- Born: 25 September 1915 Jagannathpur, Assam Province, British India
- Died: 2003 (aged 87–88) United Kingdom
- Citizenship: United Kingdom, Bangladesh
- Occupations: Businessman, social worker
- Organization: Indian Seamen's Welfare League
- Known for: One of the early founders of the British Bangladeshi community
- Family: Qureshis of Patli

= Shah Abdul Majid Qureshi =

British Bangladeshi restaurateur and social reformer (1915 - 2003)

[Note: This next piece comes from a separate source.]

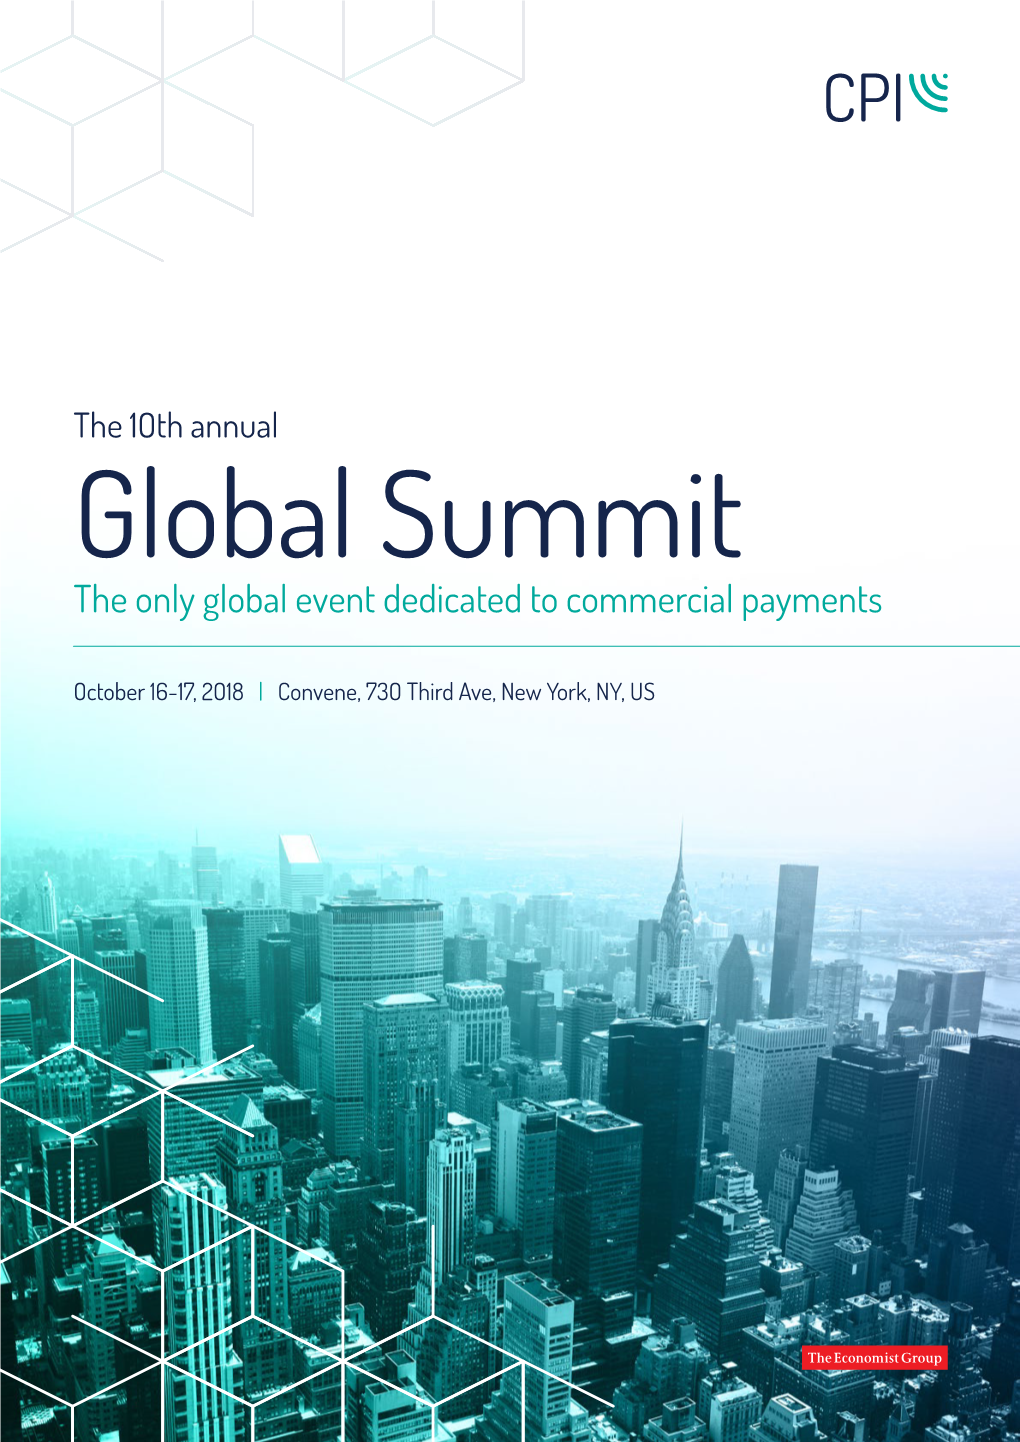 The Only Global Event Dedicated to Commercial Payments

Shah Abdul Majid Qureshi (শাহ আবদুল মজিদ কোরেশী), also known by his daak naam Moina Miah (ময়না মিঞা), was an early British Bangladeshi restaurateur and social reformer. He is notable for being involved in the early politics of British Asians and pioneering social welfare work for the working-class diaspora in the United Kingdom. He claimed to be the first Sylheti to own a restaurant in the United Kingdom. One of his later restaurants, India Centre, often provided facilities and was a location where important meetings were held by the India League attracting the likes of Subhas Chandra Bose and V. K. Krishna Menon.

==Early life==
Qureshi came from a traditional Bengali Muslim family. He was born in the Patli village of Jagannathpur in the Sylhet District of British India's Assam Province on 25 September 1915. He was the eldest child and had two brothers and a sister. The family residence in Patli was known as Quresh Bari and his father owned some land. However, his father's main goal was to educate his children which was extremely expensive, leading to him selling nearly all his land. This led to Qureshi being well educated during his youth.

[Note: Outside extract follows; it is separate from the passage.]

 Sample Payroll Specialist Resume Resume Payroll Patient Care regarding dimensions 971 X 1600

Qureshi decided to become a lascar after being inspired by many other Sylheti men and moved to Calcutta in 1934. He believed that seafaring was a historical inheritance of Sylhetis due to many Sylhetis being descendants of foreign traders and businessmen. He joined the crew of a ship bound for the United States. His intention was to jump ship in New York City, where he believed he would find economic opportunity, but his attempt was foiled in 1935. The next year, in his early 20s, he successfully jumped ship in London.

==Career==
Qureshi's first job in the United Kingdom consisted of selling chocolates. After getting into contact with other British Asians, he began working in South Asian cuisine restaurants such as Bengal Restaurant in Percy Street. After two years of living in the United Kingdom, Qureshi opened his first restaurant, Dilkush, which was located in Soho's Great Windmill Street. He claimed this was the first restaurant to be owned by a Sylheti. The restaurant, located near Tottenham Court Road, was destroyed by a bomb in 1940.

In 1943, Qureshi, alongside his acquaintance Ayub Ali Master, founded the Indian Seamen's Welfare League with a purpose of promoting the social welfare of lascars. Based in Christian Street, the organisation ensured the rights of Asians and made it easier for them to communicate to their family abroad. On 14 July 1943, the first meeting took place, in King's Hall, Commercial Street, London. The meeting attracted mostly Bengali Muslims but dozens of Europeans were also present. Later, the organisation was renamed to the Indian Seamen's Welfare League to sound less political and Qureshi was made president of the welfare league.

The following year, Qureshi opened another restaurant off Charlotte Street which came to be known as the India Centre. The India Centre was frequently visited by British Asians, in particular politicians, who held important communal and political meetings there. Qureshi also assisted and attended V. K. Krishna Menon's India League and Surat Alley's Hindustani Social Club meetings. He was also involved with the Indian National Congress and was in contact with the likes of Subhas Chandra Bose. Later on, he became a member of the All-India Muslim League.

In 1946, Qureshi returned for the first time to Sylhet, where he married. He divided his time between London and Sylhet until 1976, when his wife and children joined him in the United Kingdom.

==Legacy==
His sons continue to own Indian cuisine restaurants in the United Kingdom.